Georgetown, Ohio
Georgetown is the county seat of Brown County, Ohio. The first settlers arrived in 1819. The community grew very slowly, having approximately eight hundred residents in 1846. That same year, the town contained four churches and a newspaper.
Forty years later, Georgetown remained virtually unchanged. With 1,293 residents in 1880, the county seat boasted five churches, two of which were African-American churches, three newspapers, a bank, and a woolen mill, the town’s largest single employer with nineteen workers. City residents were active in the tobacco trade, shipping tobacco all over the world. Tobacco was the county’s largest crop.
Several prominent people lived in Georgetown during the nineteenth century. Among them was future President of the United States Ulysses S. Grant, who spent much of his youth in the community.
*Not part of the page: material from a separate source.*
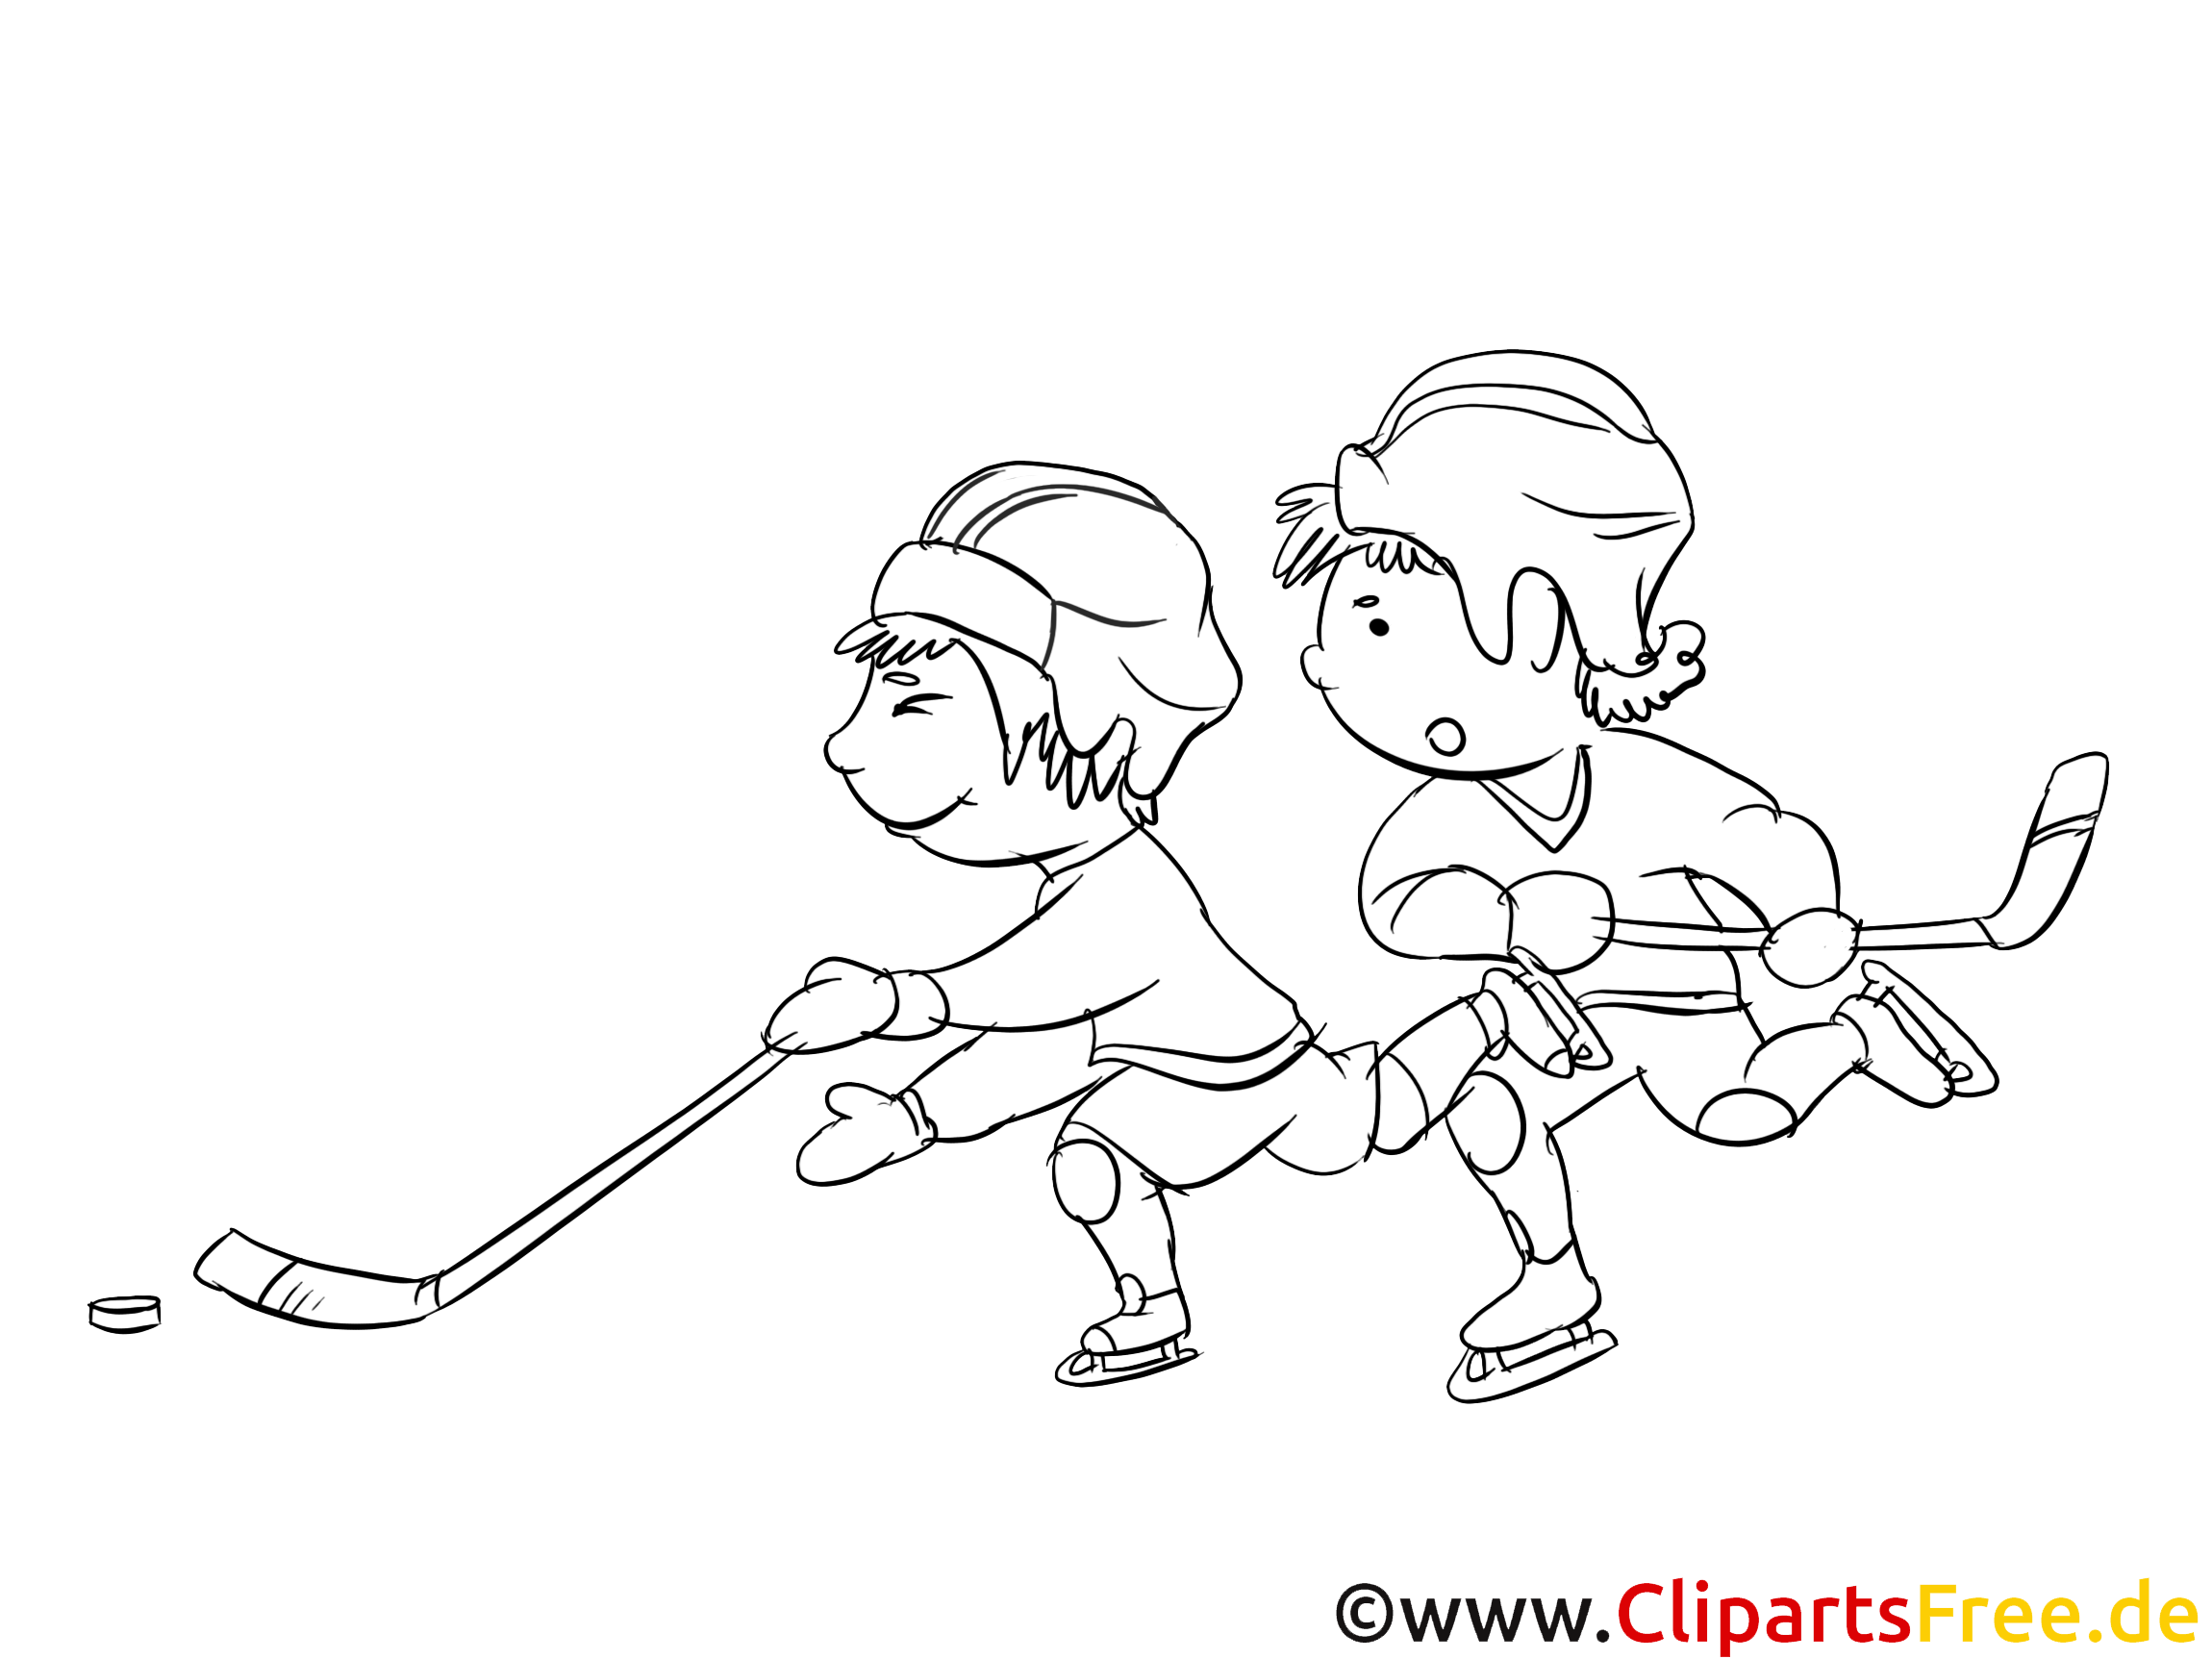 Joueurs dessin gratuit – Hockey à colorier

Today, the house that Grant lived in and the school that he attended are Ohio Historical Society sites. United States Congressman Thomas Lyon Hamer, the man who appointed Grant to the United States Military Academy at West Point, also resided in Georgetown.
During the twentieth century, Georgetown remained relatively small. In 2000, only 3,691 people resided in the town. Only twelve percent of the community’s residents over twenty-five years of age had a four-year college education. Most townspeople found employment in manufacturing businesses with retail stores following closely behind.